■ Problem details
Transcribe the listing exactly, so that nothing but the pictures is missing.

■ Supplied information
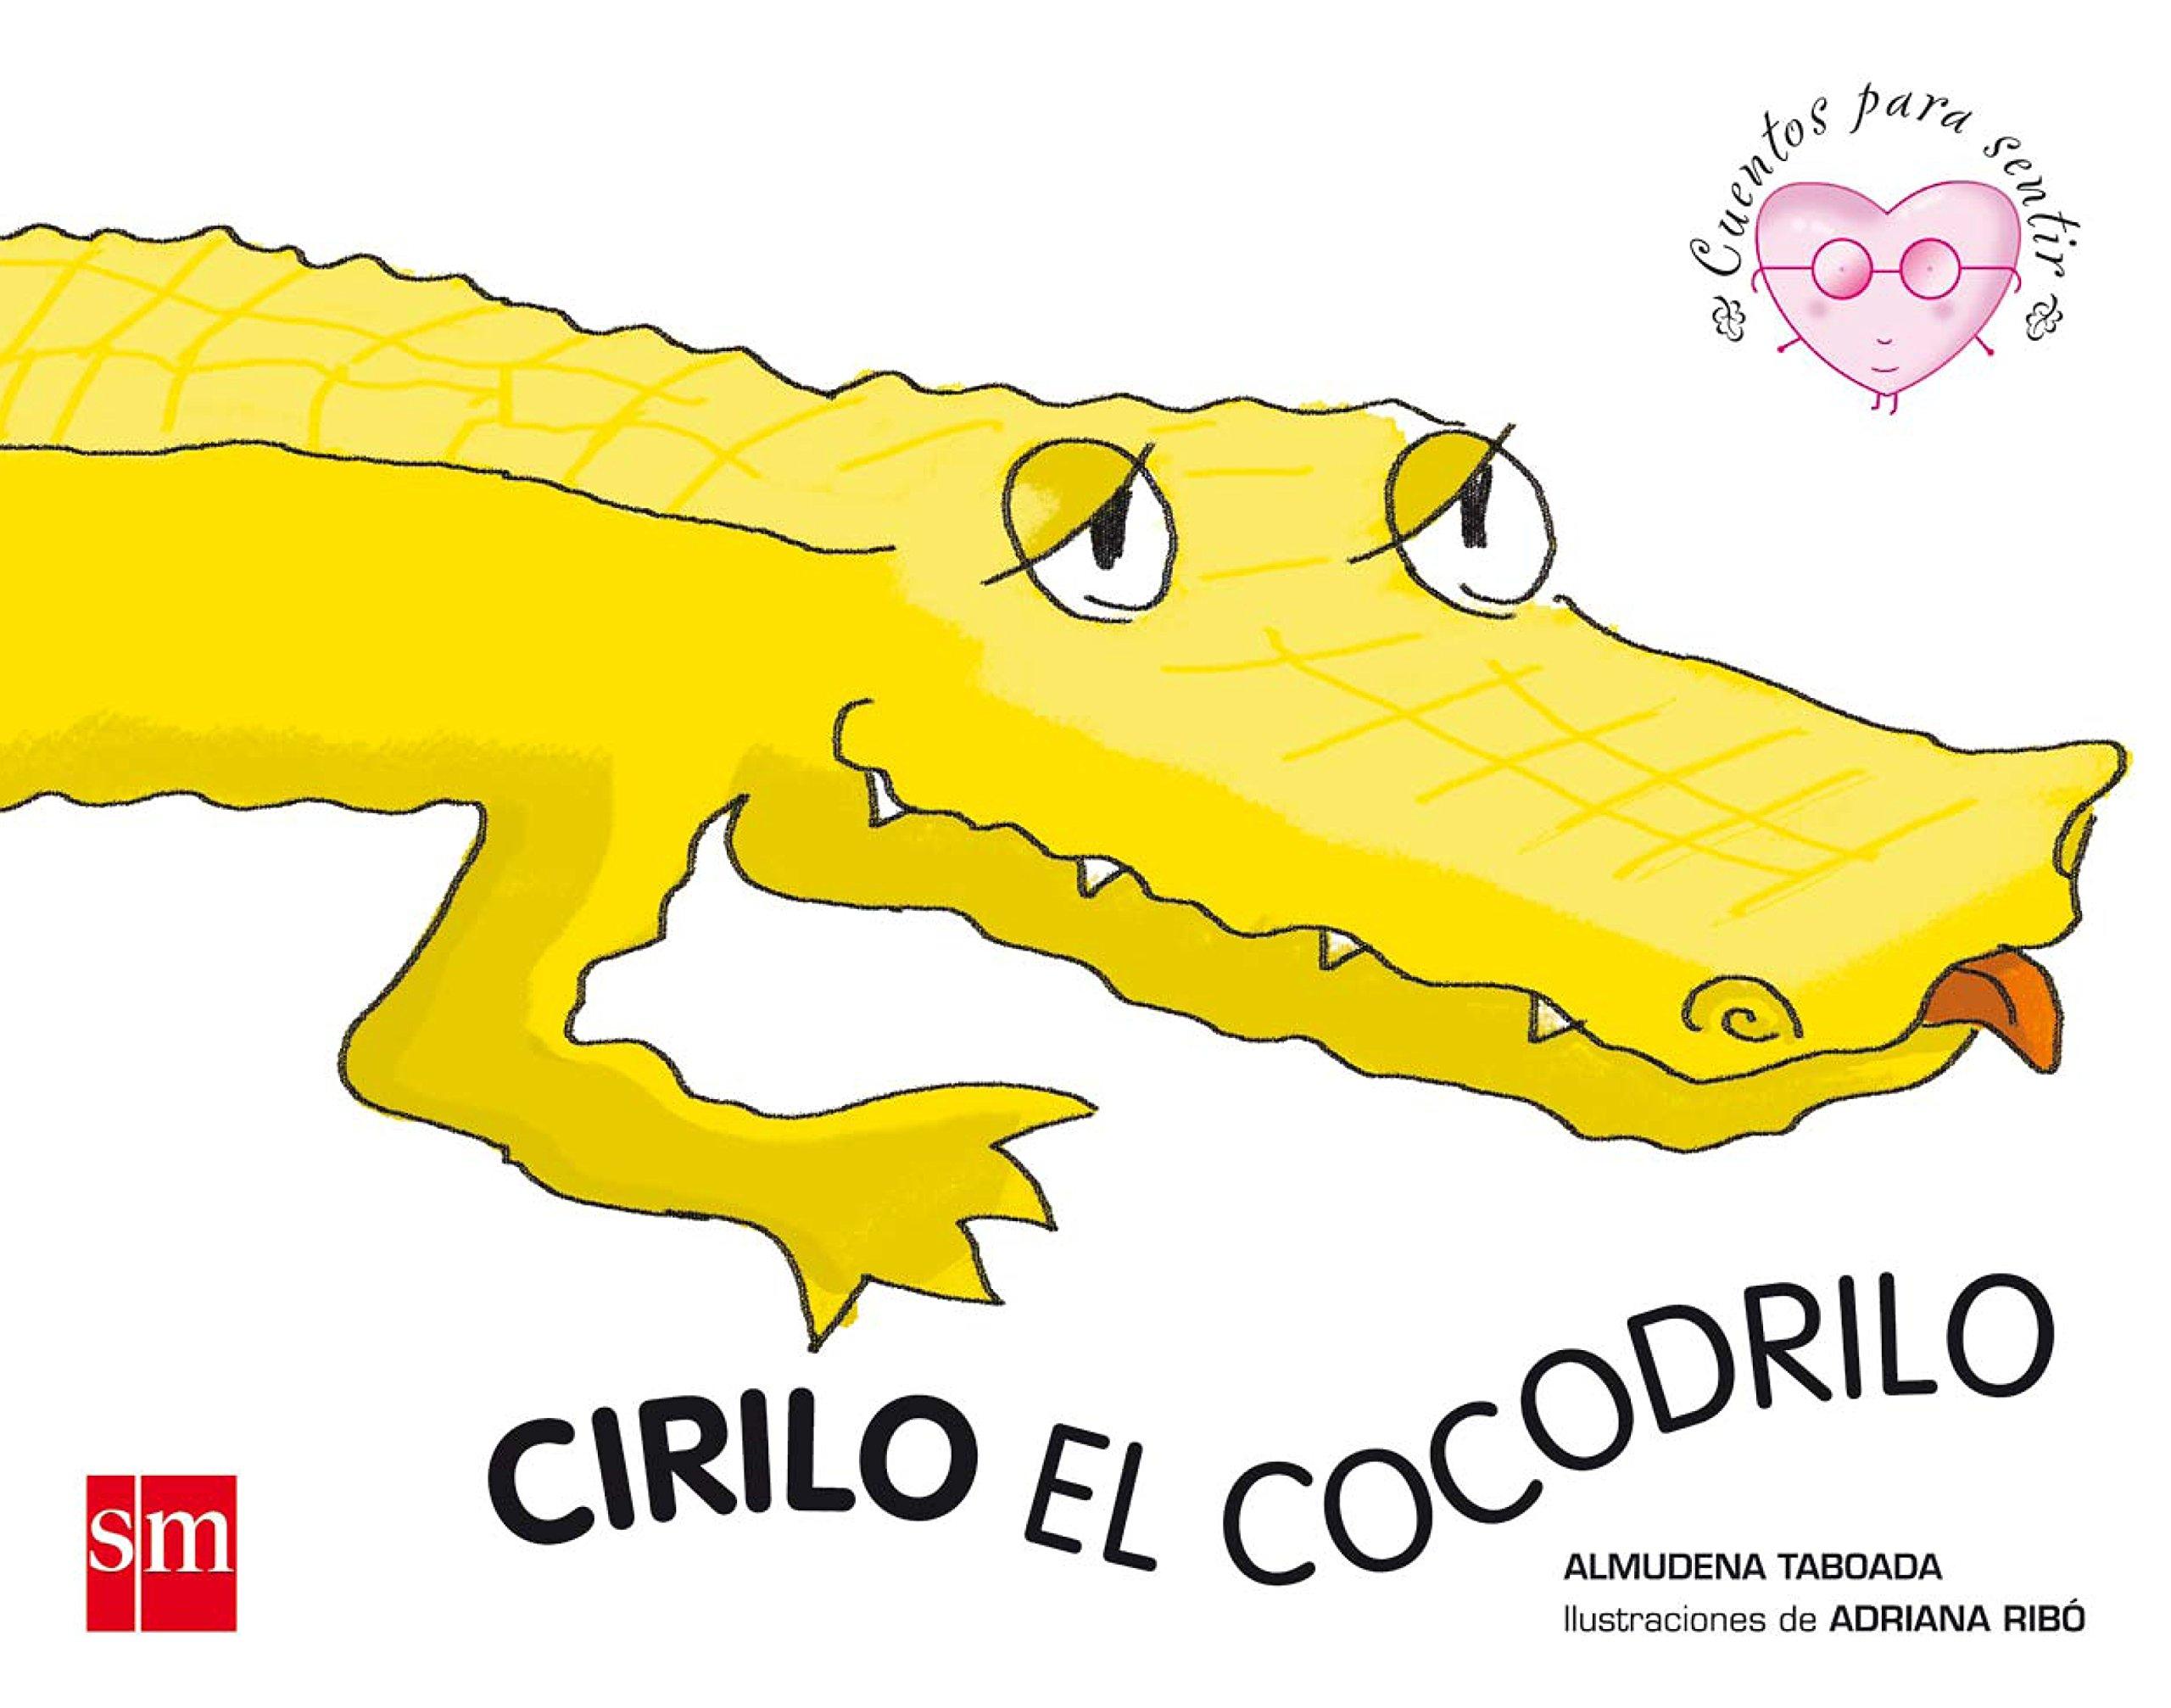 Color Cirilo Cuentos Cuento La Sobre Cocodrilo El De Un Piel XqwXTr
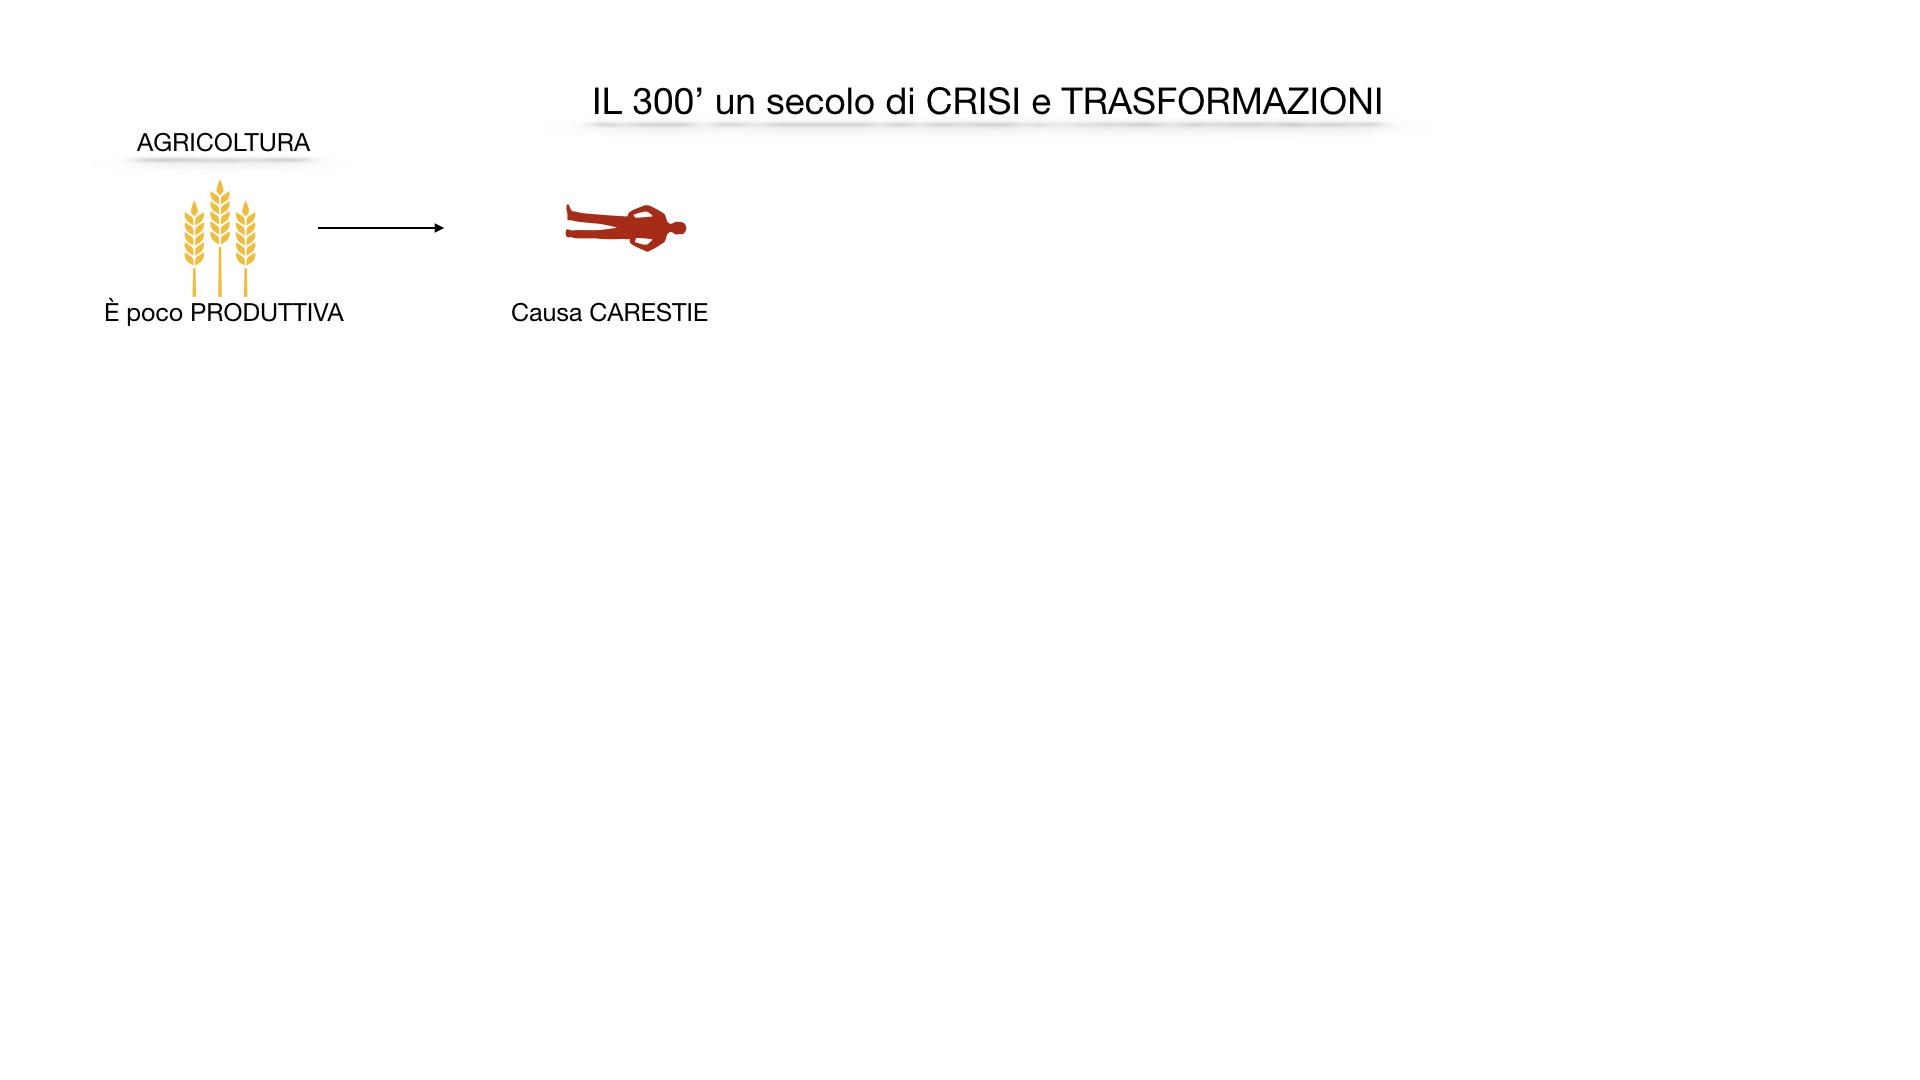 il 300 crisi e trasformazioni_ SIMULAZIONE.004
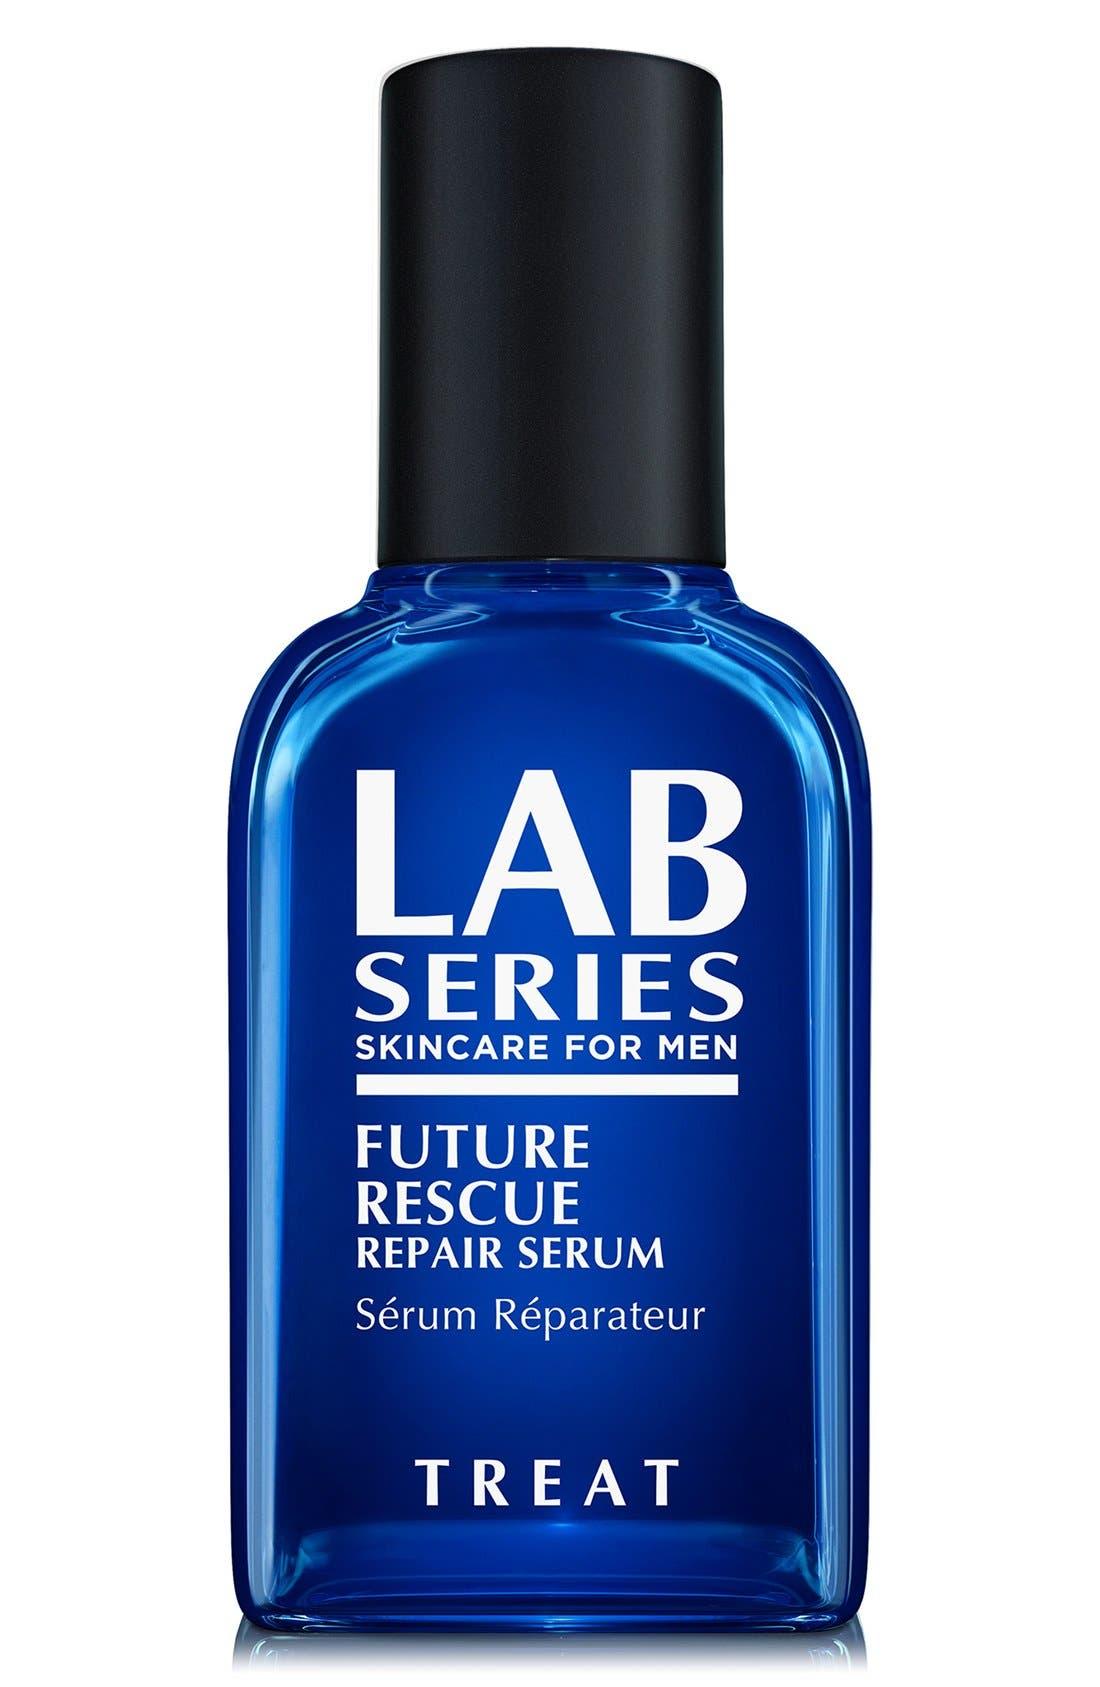 Lab Series Skincare for Men 'Future Rescue' Repair Serum

■ Answer below
 Color Cirilo Cuentos Cuento La Sobre Cocodrilo El De Un Piel XqwXTr
 il 300 crisi e trasformazioni_ SIMULAZIONE.004
 Lab Series Skincare for Men 'Future Rescue' Repair Serum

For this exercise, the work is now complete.